Aşiret ağası olmak varken Bediüzzaman’a talebe oldu

Aşiret ağası olmak varken Bediüzzaman’a talebe oldu

2013 yılının 24 Şubat’ında, Anadolu Ağabeyleri program çerçevesinde, Urfa’da icra edilen Abdulkadir Badıllı ağabeyin vefa gecesine katılmıştım

Risale Haber-Haber Merkezi

Yen Akit Yazarı Hüseyin Öztürk, "Abdülkadir Badıllı ağabey, Aşiret ağası olmak ve istediği gibi dünyalığını temin etmek varken; Bediüzzaman’a talebe, Allah’a kul, Peygamber (s.a.v.) efendimize ümmet olmayı seçmiştir" dedi.
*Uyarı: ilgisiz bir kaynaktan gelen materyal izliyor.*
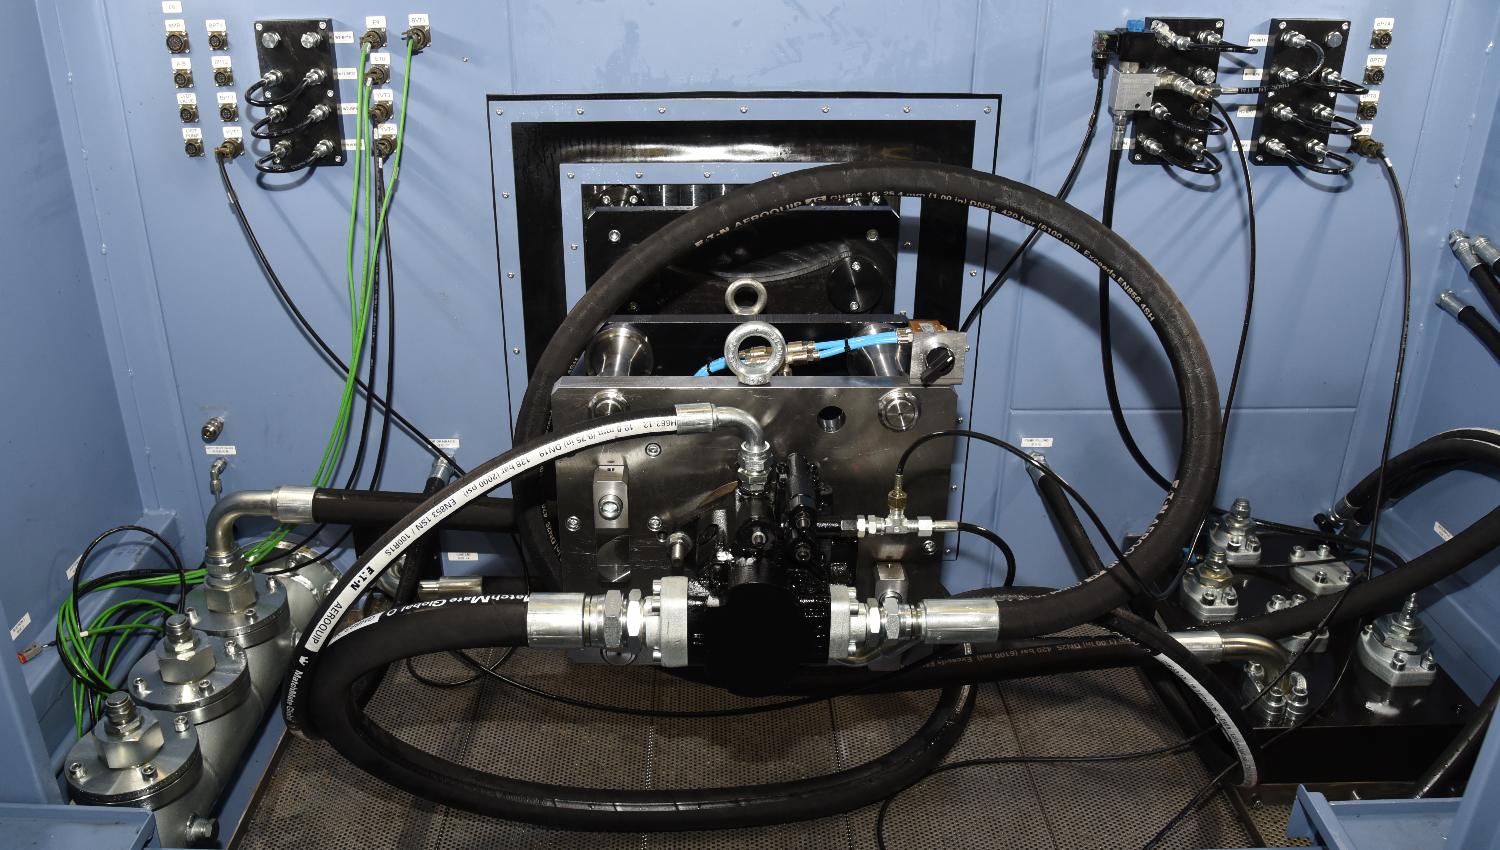 gear-motor-pumps-laboratory-test-bench-1084-2

Badıllı ağabeyin ardından onunla ilgili gözlemlerini ve düşüncelerini kaleme alan Öztürk'ün yazısı şöyle:

“Hayâ imandandır” derler büyüklerimiz. “Hayâsı olmayanın imanı da olmaz” diye ilave ederler. Çocukluğumdan beri duyarım bu sözleri.

Bediüzzaman Said Nursi Hz.lerinin talebesi Abdülkadir Badıllı ağabey de “hayâ” sahibi bir Allah dostudur.

Hem öyle bir Allah dostudur ki, üstadı Bediüzzaman Hz.lerinin, Allah olan dostluğu gibi dost olabilmek için ömrünü dini İslam’a adamış, her nefesinin hesabını yapmıştır.

2013 yılının 24 Şubat’ında, Anadolu Ağabeyleri program çerçevesinde, Urfa’da icra edilen Abdulkadir Badıllı ağabeyin vefa gecesine katılmıştım.

Kendisini sahneye çıkarıp da bir iki kelime söylemek için arkadaşların ne kadar ter döktüklerini biliyorum. Hatta hayâsından geceye bile katılmak istememiş ve;
“Asla şahsıma dair bir şey söylemeyin. Söyleyecekseniz üstadımızın İslam’a hizmetlerini anlatın” diye ikaz etmişti.

Ve Abdülkadir Badıllı ağabey, bütün ömrünü bu şekilde ihya etmiş birisidir. Aşiret ağası olmak ve istediği gibi dünyalığını temin etmek varken; Bediüzzaman’a talebe, Allah’a kul, Peygamber (s.a.v.) efendimize ümmet olmayı seçmiştir.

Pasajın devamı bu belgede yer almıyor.